Background and importance In the past years, many biological drugs have been approved for the treatment of moderate-to-severe plaque psoriasis.
Aim and objectives We aimed to describe the population of outpatients treated with biological drugs for moderate-to-severe plaque psoriasis according to the number and type of therapeutic shifts.
Material and methods We identified patients treated with a biological drug for moderate-to-severe plaque psoriasis (code ICD-9-CM 696.1 other psoriasis) from February 2017 to September 2020. Data were collected from drug refills by our pharmacy and electronically recorded. Biological drugs were considered according to the mechanism of action: anti-TNF-α (adalimumab, certolizumab, etanercept), anti-IL-17 (brodalumab, ixekizumab, secukinumab) and anti-IL-23 (guselkumab, risankizumab, tildrakizumab and ustekinumab). The therapeutic shift was intended as a change in the active substance, regardless of changes from an originator to its biosimilar/s, the pharmaceutical form (pen or syringe) or the dose.

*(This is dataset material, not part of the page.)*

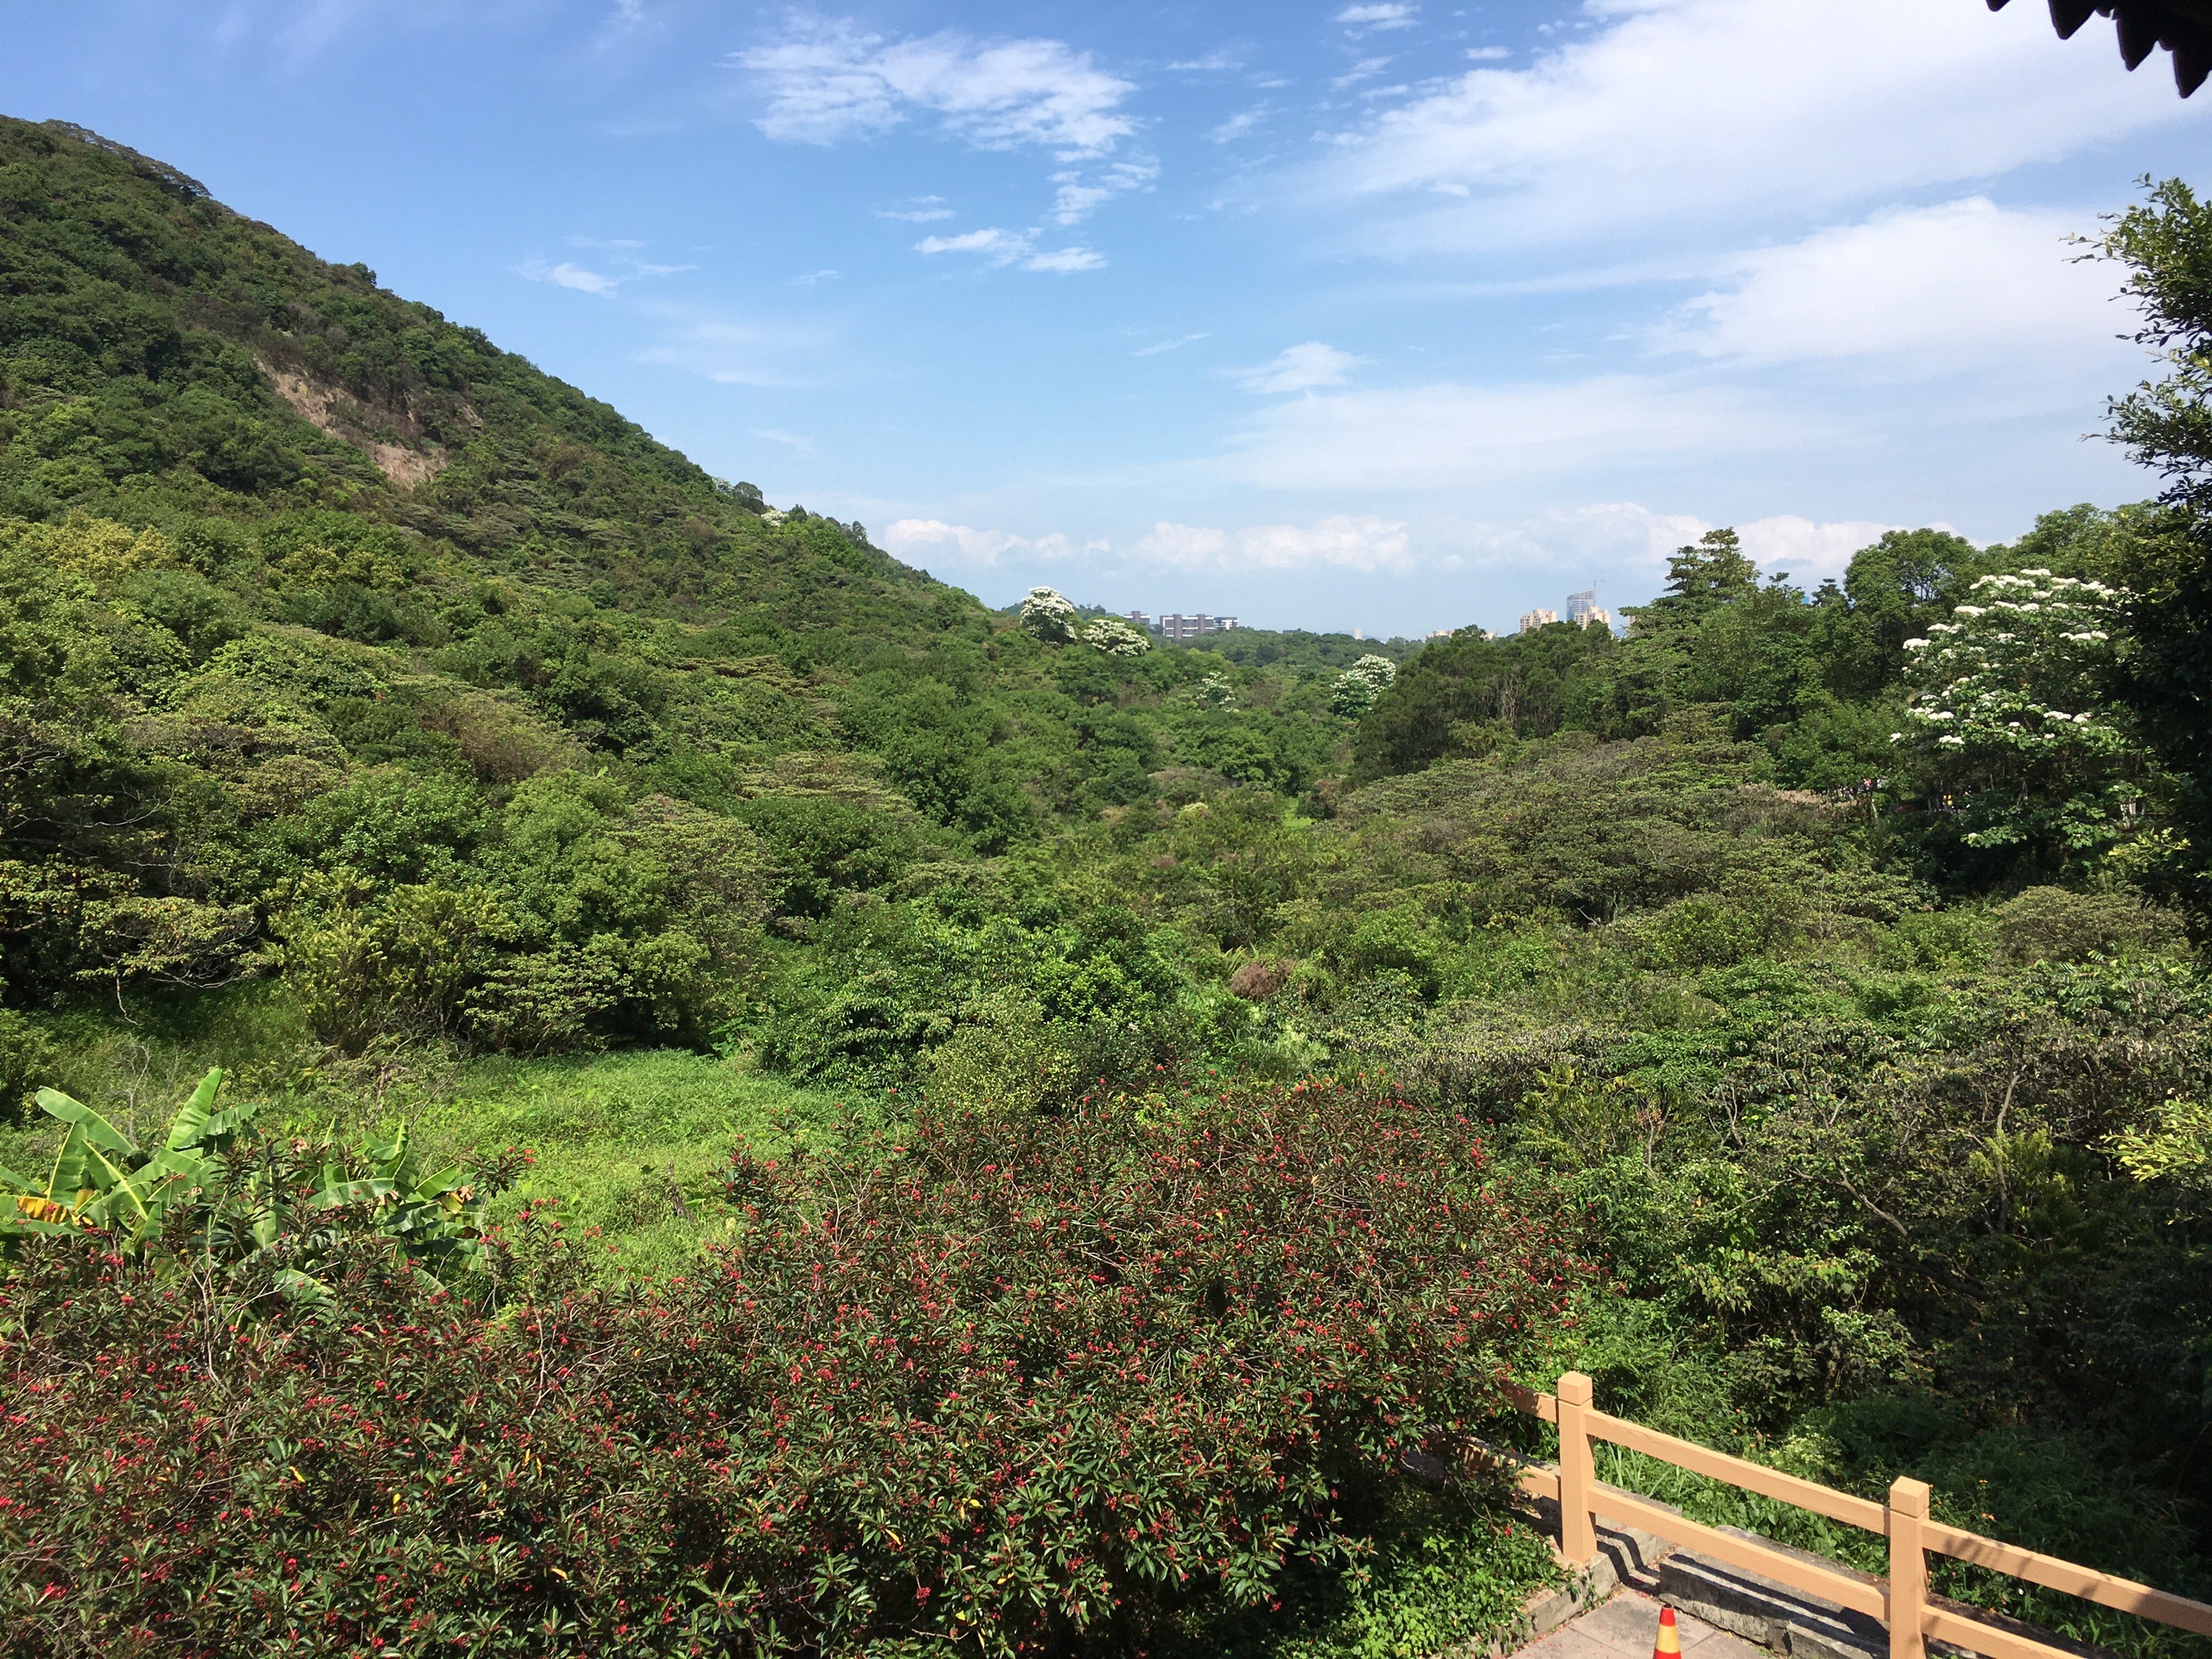 黄山鲁森林公园是广州地区最大的免费森林公园

Results From February 2017 to September 2020, 357 patients were treated with at least one biological drug for plaque psoriasis. Median age was 50.7 years (range 5.9–91.7) and 221 (61.9%) patients were men. 282 patients (79%) were treated with only one biological drug: 75 patients with anti-TNF-α, 132 with anti-IL-17 and 75 with anti-IL-23. 65 patients (18.2%) were treated with two biological drugs in sequence (table 1).
Conclusion and relevance More than 97% of patients were treated with only one (79%) or two (18.2%) biological drugs for moderate-to-severe plaque psoriasis, with a prevalence of anti-IL-17. Further investigation of the causes for the change from one to another biological drug is needed. These could include adverse events, ineffectiveness or other reasons.